_DATA EXTRACT_:
· · ·

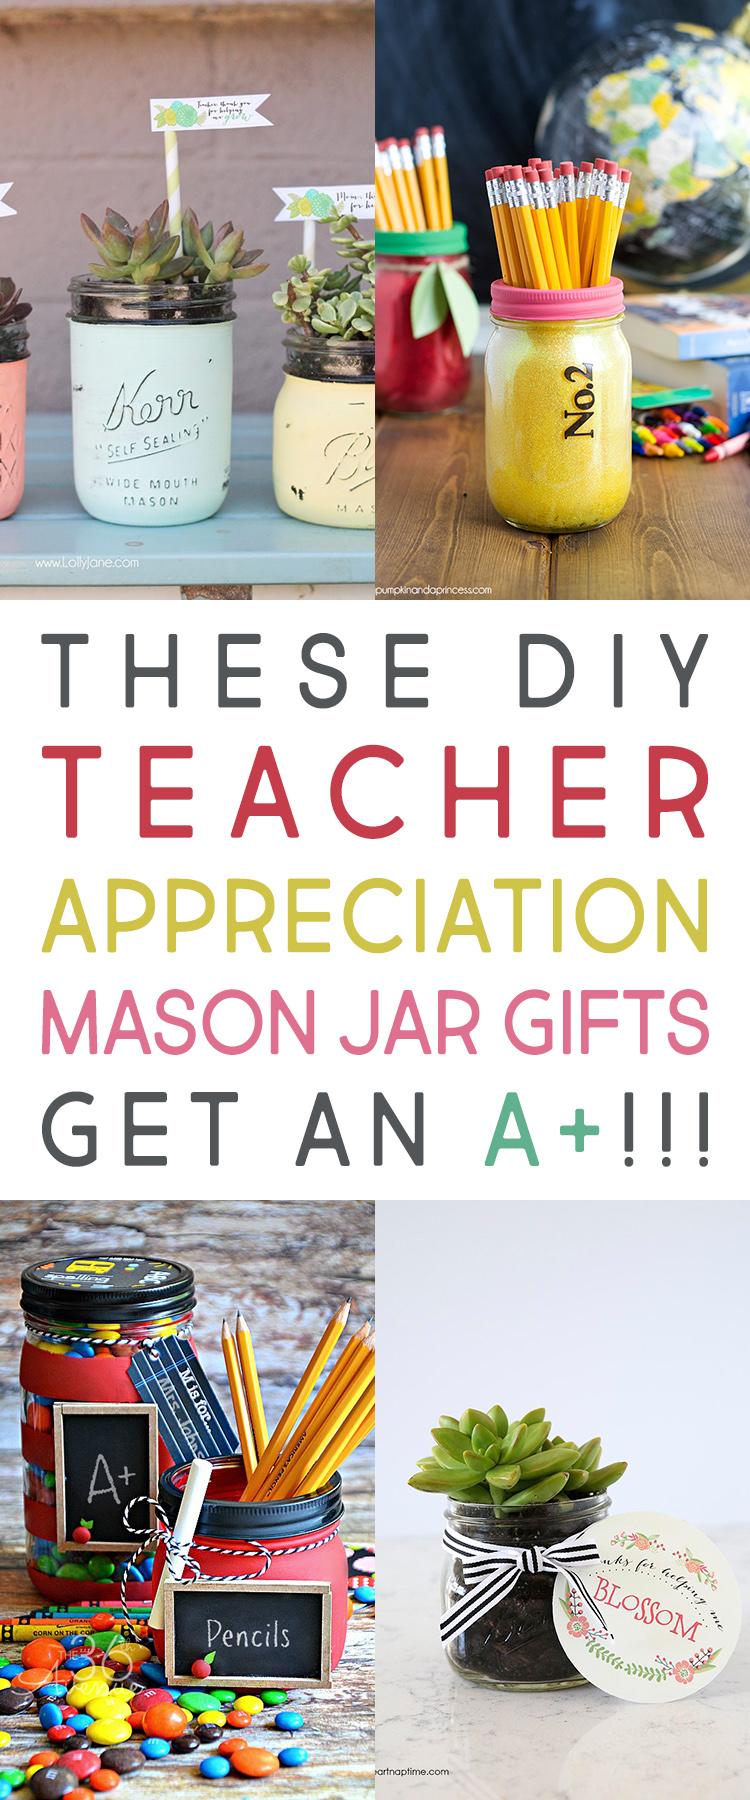 These DIY Teacher Appreciation Mason Jar Gifts Get An A+!!!
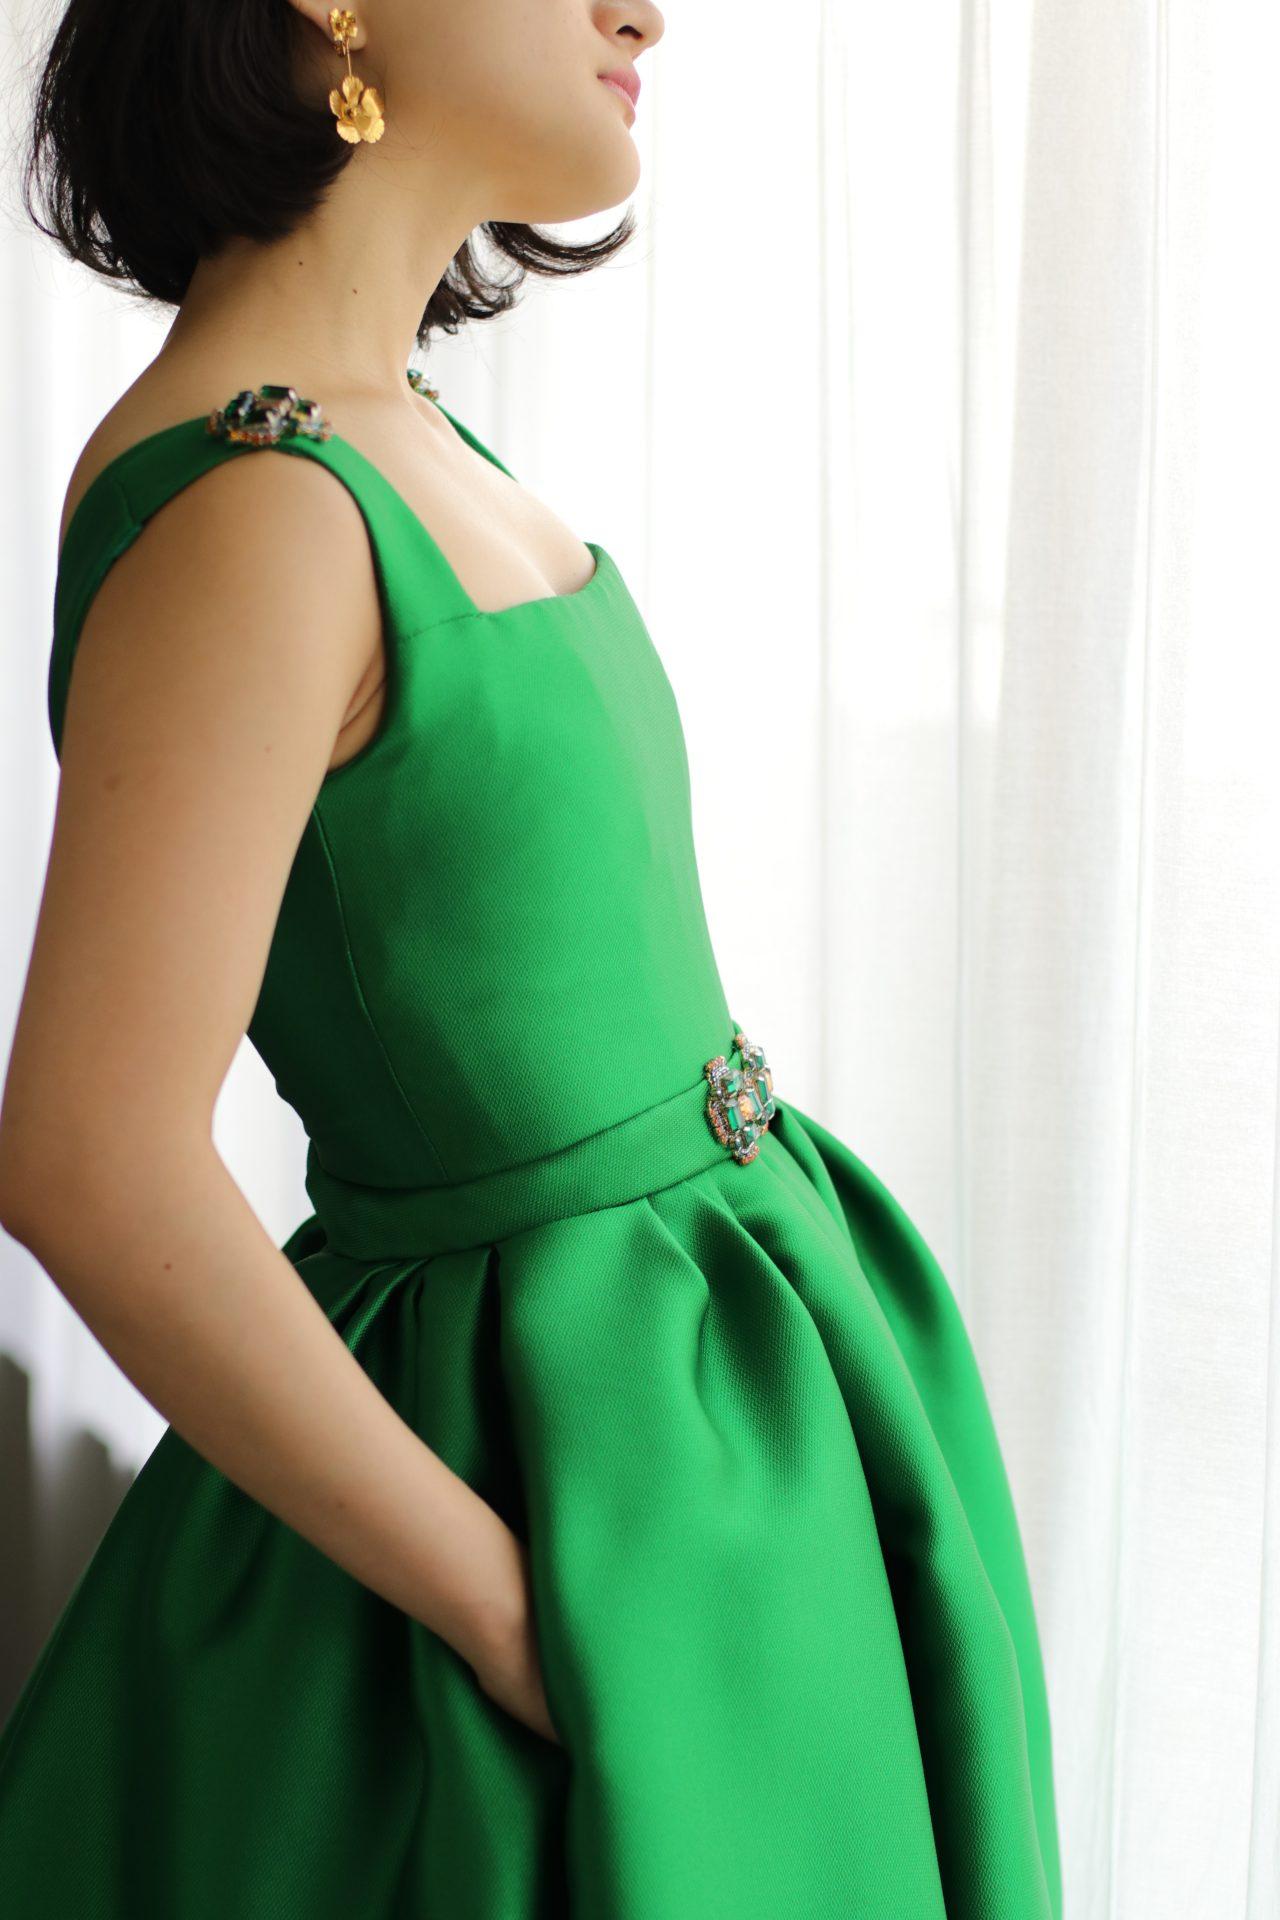 東京表参道にあるドレスショップザ・トリート・ドレッシングアディション店に、日本の花嫁様から絶大な人気を誇るリームアクラより、上品なグリーンの新作カラードレスが入荷いたしました。
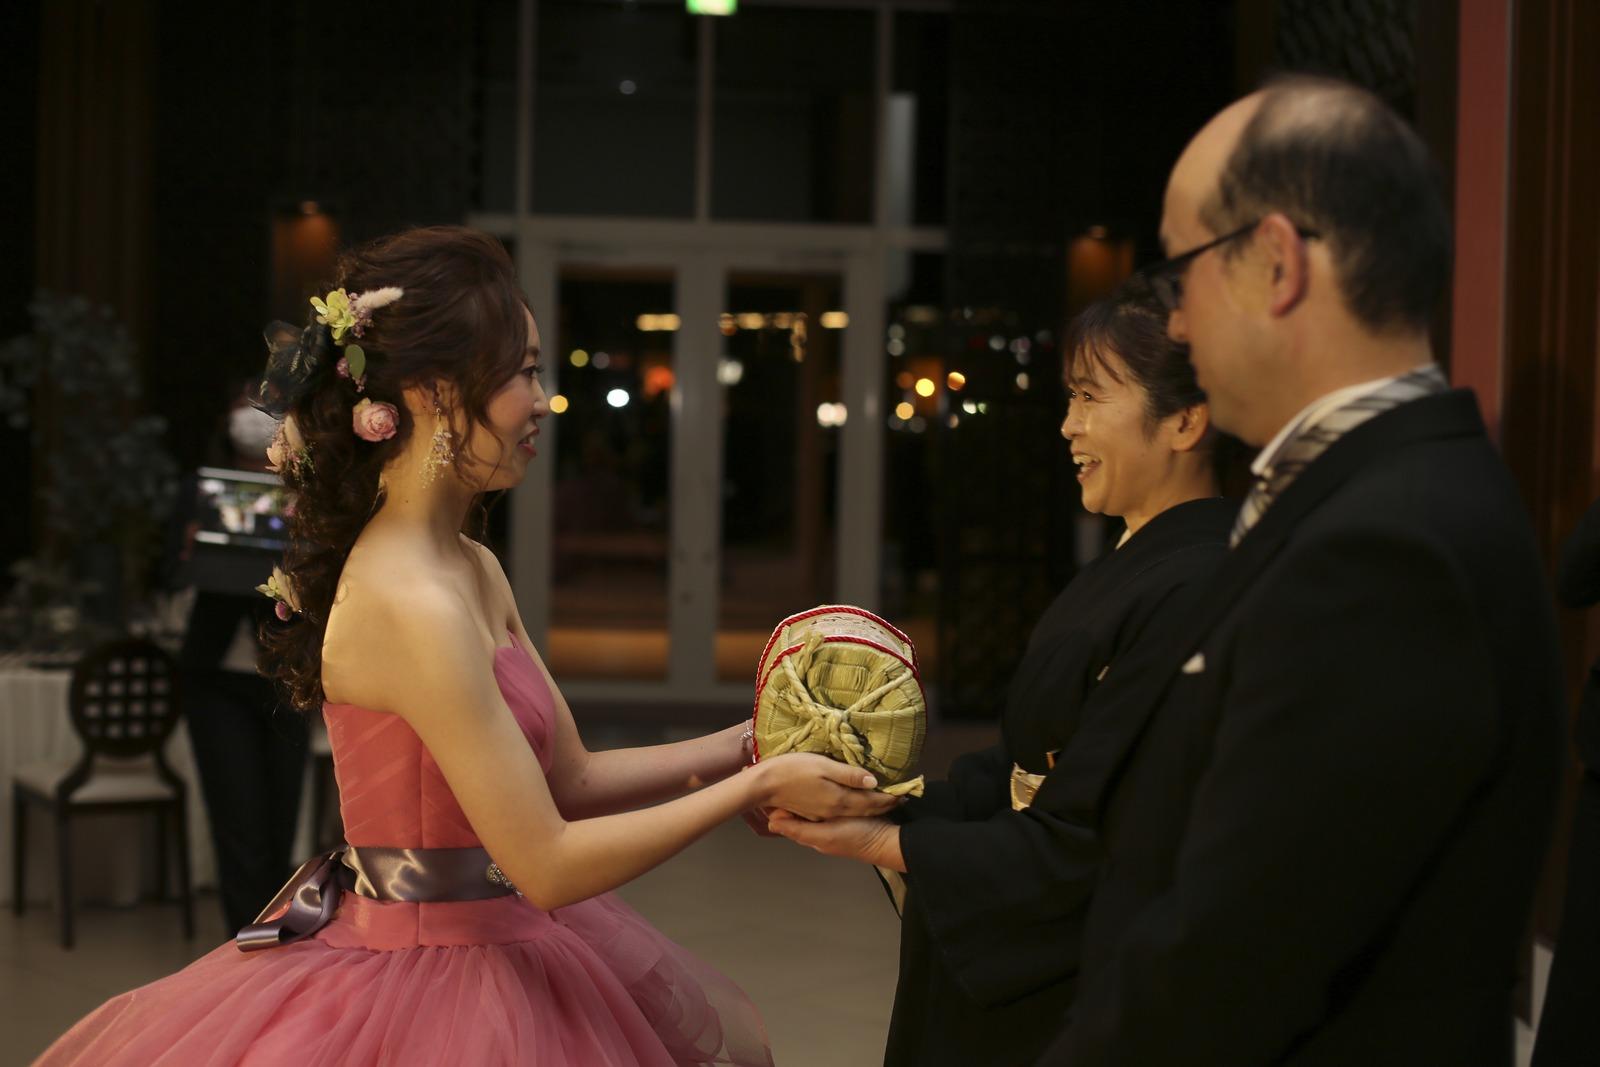 徳島市の結婚式場ブランアンジュで生まれた時と同じ重さの体重米を贈呈する新婦

· · ·

_PROBLEM DETAILS_:
What is needed is every line of the data above, set down exactly but with the images left out.

_RESPONSE AREA_:
 These DIY Teacher Appreciation Mason Jar Gifts Get An A+!!!
 東京表参道にあるドレスショップザ・トリート・ドレッシングアディション店に、日本の花嫁様から絶大な人気を誇るリームアクラより、上品なグリーンの新作カラードレスが入荷いたしました。
 徳島市の結婚式場ブランアンジュで生まれた時と同じ重さの体重米を贈呈する新婦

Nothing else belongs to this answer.